Лица, места и события, о которых говорится на страницах этой книги, выдуманы автором, а их возможное совпадение с фактами, местами или реально существующими лицами носит случайный характер.

Правда, время от времени такое как раз и происходит…

Ирена Вишневская (1914–†1977)

20 апреля 2011 года

Мой день рождения


У нас в аду, сыночек, нынче рождение Гитлера отмечали.

А и то сказать, сыночек, — событие-то для нас немаловажное… Мало кто заслугами своими так способствовал процветанию ада, как Адольф Г. Я им сказала, меня это сильно интересует: Гитлер самую большую любовь у меня отнял… но если бы не он, я никогда бы не встретила другую свою любовь. Еще большую. Так что у меня с ним свои счеты. Потому я его рождение стороной обхожу. Ведь радость-то — она не в оргиях каких… радость — она в покое и воспоминаниях. Как сказал бы мой супруг Леон Вишневский, сын Леона, «пошли они в ж… со своей академией». А уж он-то прекрасно знал, что говорил, хоть и выражался порой грубовато.

Вчера что-то меня так сильно и ощутимо толкнуло, что решила я «добавиться» к Тебе на фейсбуке. И добавилась. Ну, вернее — Ты меня добавил. Под номером три тысячи каким-то в ленте Твоих «фейсовых» друзей.

Ты писал мне, что в мой день рождения Ты всегда со мной… и даже вчера, когда Тебя не было, Ты был — хотя и очень далеко. Что Ты скучаешь. И иногда так сильно, что испытываешь физическую боль. Ты свечи и лампадки в Торуни зажигаешь на моей могилке, а если покупаешь цветы — то всегда белые розы. И если в день поминовения усопших не можешь там побывать, в этот день приходишь на кладбище, будь то в другой стране или даже на другом континенте, и там ставишь мне свечку.

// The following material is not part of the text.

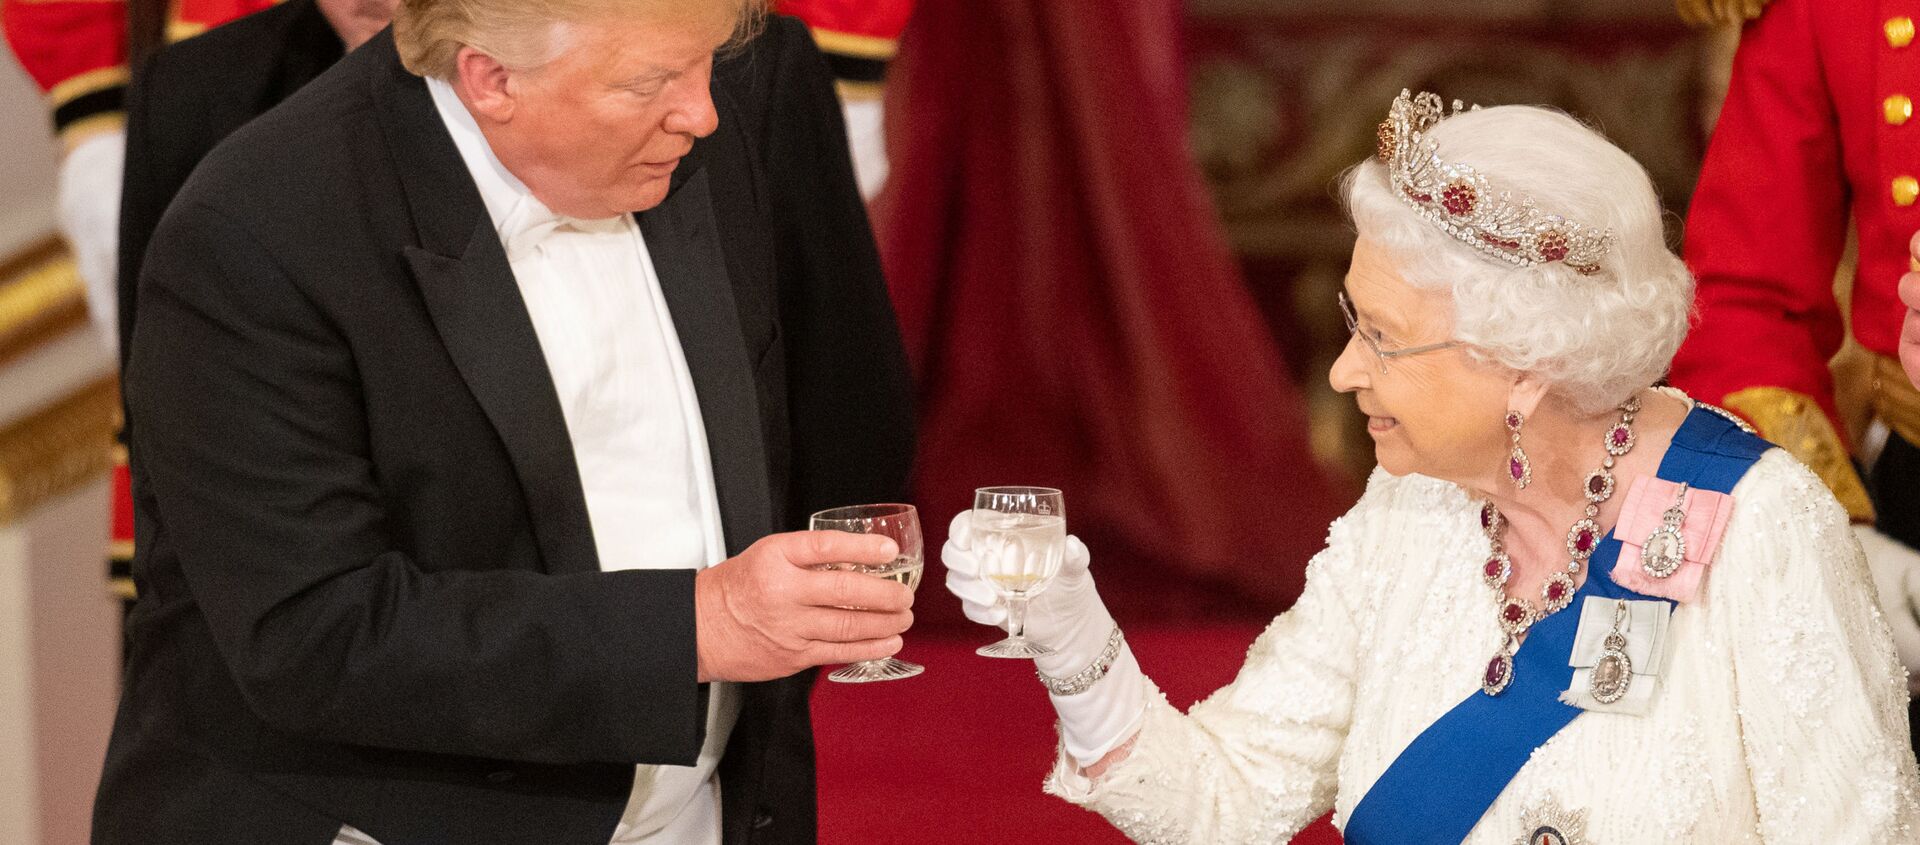 La reina Isabel II y el presidente de EEUU, Donald Trump, durante la visita del mandatario al Reino Unido - Sputnik Mundo, 1920, 04.06.2019

И все время молишься за меня. За отца, за бабу Марту и даже за дедушку Брунона, который вечно устраивал Тебе дома проверочные работы по математике. Но больше всех, со слезами, Ты молишься за меня, говоришь, что в эти минуты чувствуешь ко мне особую близость.

И то ли Ты плакал, то ли пил, а может, и то и другое сразу, потому что чуть ли не в каждом слове, написанном Твоей рукой, есть ошибки — то не те буквы, то описки…

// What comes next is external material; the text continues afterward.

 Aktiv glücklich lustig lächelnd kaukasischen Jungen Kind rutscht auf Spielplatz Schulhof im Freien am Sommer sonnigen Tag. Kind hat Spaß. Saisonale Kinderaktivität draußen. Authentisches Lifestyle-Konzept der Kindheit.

Что это с Тобой, сыночек? Я ведь Тебя знаю, знаю своего Нушика. Ближе-то никого не было и не будет, с самой первой минуты, с первого Твоего вздоха. С того момента, как Тебя из живота моего достали и на грудь мою обмершую положили, когда я от наркоза отошла… и как у меня дыхание перехватило, да не от чего такого, не от гравитации какой или еще чего, а от любви к Тебе, сыночек. До потери дыхания я Тебя в ту минуту полюбила, головку Твою, без единого волоска и такую бесформенную, миллиметр за миллиметром целовала и безмолвно, прикосновениями губ, в любви Тебе признавалась.

Вечером Леон пришел со службы с букетом полевых цветов, что собрал на лугу, и с плиткой шоколада, и его пустили ко мне только по знакомству — он в здравоохранении работал. Сел возле нас с Тобой на край кровати и плакал, и на Тебя сквозь слезы смотрел, и руки мне целовал, и нежными словами за то, что я ему Тебя родила, благодарил. И такую я в этот момент неразрывную связь со всем миром ощущала! Никакого допамина во мне не было — я сама и была тем допамином, сыночек. В ту минуту я словно почувствовала, как во мне распрямляется спираль ДНК, и в животе моем изболевшемся что-то раскрывается — нежнейшее, тончайшее, невесомое, словно крылья бабочки цветной… Да так явственно я это почувствовала, что за швы свои испугалась.

Никогда Ты не был от меня далеко! Никогда! Уж я-то, сыночек, знаю… и хочу, чтобы знал это Ты.

Нуша, Нушик, Нушенька, Нушатик мой, сыночек мой любимый…

Ты теперь старик.

Старый и некрасивый.

Твой отец в этом возрасте лучше выглядел, гораздо лучше. Гены, что ли? Хотя странно — ведь Ты его гены тоже должен унаследовать… ну да чего уж тут. От Леона, отца Твоего, у меня голова шла кругом, я могу быть пристрастной, конечно. От Тебя, сыночек, у меня тоже голова кругом, только совсем по-другому. Но Ты все-таки что-нибудь сделай. Займись собой. Похудей. Позаботься о своем здоровье. И столько не пей. Твой отец пил много, но оставался стройным, а Ты вон пухнешь. Тут, в аду, говорят — мол, все писатели ненормально много пьют. Но разве Ты писатель, сыночек? Никакой Ты не писатель. Я им, со всем убеждением и по совести, так и отвечаю: дескать, мой Нушичек не писатель, у него дела поважнее имеются… А писательство — это что, одно баловство. Писать-то каждый может. Зато вон в химии — поди разберись, это учиться нужно, долго, упорно. Не каждому по плечу. Но Ты, Нушичек, всегда хотел учиться. Все хотел знать и понимать, потому что тот, кто много знает, меньше боится — это отец вам обоим, Тебе и Казику однажды сказал, и вы сразу поняли.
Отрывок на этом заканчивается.